- What it is: non-banks can access data from their customers’ bank accounts to trigger payments from within an app or website, or to provide aggregated account insights.
- How it works: Open banking providers connect to the bank’s system via an application programming interface (API) platform, which is a connection between computers or computer programs. It is a type of software interface that allows businesses, in this example, to retrieve data.
Banking as a Service (BaaS) and open banking are often confused because the latter also involves banks connecting to non-banks via API. However, the two serve entirely different purposes.
In BaaS models, non-bank businesses can integrate complete banking services into their own products. This allows them to offer virtually any traditional bank product, like credit and debit cards under their brand – or even loans – without building and maintaining their own banking infrastructure. Instead, they partner with financial institutions that can provide the necessary infrastructure and regulatory compliance.

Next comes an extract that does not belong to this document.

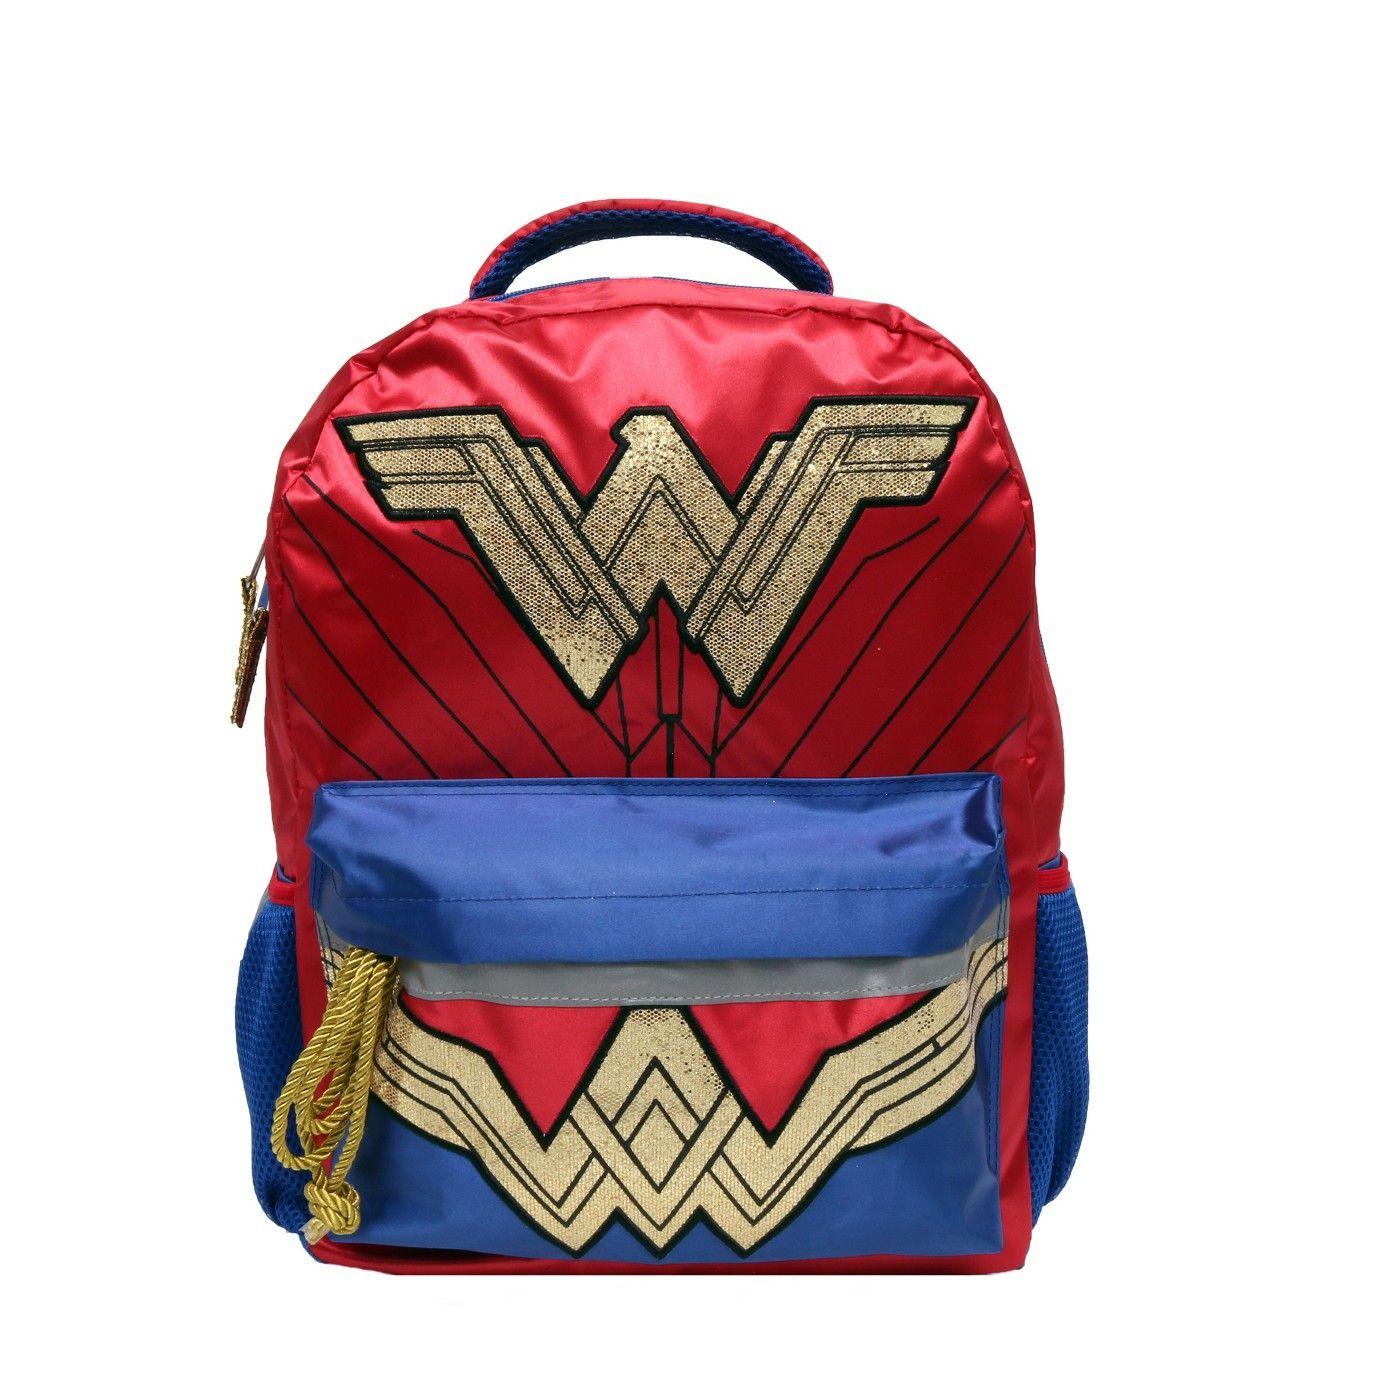 25 way cool backpacks for preschool kindergarten back

Open banking originated in Europe in 2018. Since then, it has spread to over 50 countries, with open APIs becoming the standard for collaboration. In open banking, non-bank firms simply use the bank’s data (with explicit customer consent) for their services.
Across the industry, these organizations are called third party providers (TPPs), and can be service providers like insurers or financial management applications that use open banking to access and aggregate client account information from different banks without having to log into each bank’s website or app separately. This not only saves time, but also provides a clearer overview of customer finances. Fintechs also can be TPPs, expanding their capabilities to provide a multitude of financially-oriented services to their customers.
API integration can also be provided by a third, unrelated, group. These are categorized as API banking platform providers, and are “middle men” that connect the banks with TPPs like the financial management app. They supply the actual API layer sitting on top of the bank’s system that enables the flow of data between the bank and the TPPs.
The key aspect to remember through all this, though, is that TPPs are not able to perform actual banking services (such as lending or taking deposits), because, like other non-bank users, they do not have banking licenses. They are simply repurposing account information from existing bank accounts to provide overviews or perform transactions.
The average consumer, whether a personal or business banking customer, has a combination of credit cards, debit cards, checking and savings accounts, insurance products, retirement accounts and more, that most likely involve a number of different financial institutions and fintechs.
Thanks to open banking, consumers and business owners now have the ability to access and respond to banking data, such as being able to view a single 360-degree overview of all their accounts and even make direct, single site, payments from these varying accounts. Bank accounts can now link to loyalty programs, share data with accountants and advisors, and even more.
Increasingly, fintech companies are adopting open APIs to create and offer digital products that help users better understand their finances. Now, both individuals and companies can perform detailed analysis of their finances and maintain greater control of their money – and there’s even more on the horizon!